Alice Suki Waterhouse (born 5 January 1992) is an English model, actress and singer. She began a career in modelling at the age of 16, and she would go on to model for several major fashion labels. Her first feature film as an actress was a minor role in Pusher in 2012, and she has since appeared in films such as The Divergent Series: Insurgent, The Bad Batch, and Assassination Nation. In 2016, she co-founded the accessories brand Pop & Suki with Poppy Jamie and Leo Seigal.

Early life
Waterhouse was born in Hammersmith, London, and was raised in Chiswick, London, the daughter of Elizabeth, a cancer care nurse, and Norman Waterhouse, a plastic surgeon. She has a brother named Charlie, and two younger sisters, Madeleine, a model, and Imogen, a model and actress.

Career

Modelling

Waterhouse began her modelling career after being discovered in "either a Topshop or H&M" in London when she was 16. When she was 19, she became a lingerie model for Marks and Spencer.

She works for Burberry and Redken. Waterhouse has also modelled for Tommy Hilfiger Swatch, Lucy in Disguise, H&M, Alice + Olivia, Sass & bide and Pepe Jeans.

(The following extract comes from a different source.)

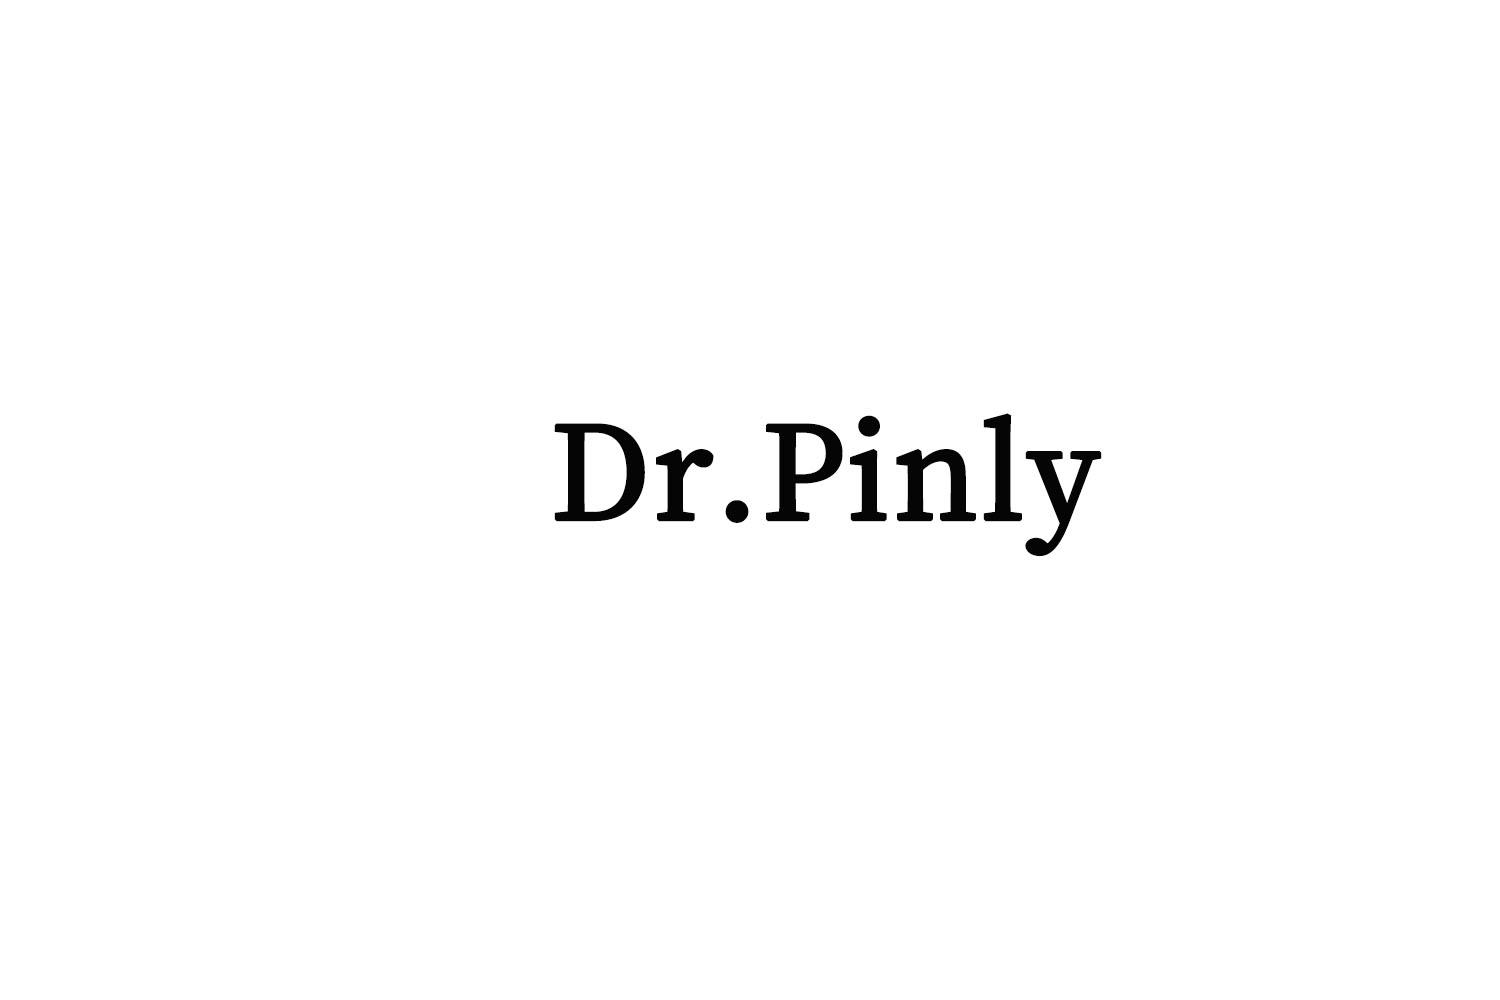 DR.PINLY

Waterhouse has appeared on the covers of British, Korean, Thai, Taiwanese and Turkish Vogue, Tatler, British and Korean Elle, Lucky, L'Officiel, American Marie Claire, French Grazia and 1883 Magazine. Waterhouse has also shot editorials for American, Chinese, Russian and Japanese Vogue, Love Magazine, American Elle, Velour, and Stylist Magazine among others. Waterhouse has also walked the runway for brands including Burberry, Alexander Wang and Balenciaga and is a regular on the front row at fashion week.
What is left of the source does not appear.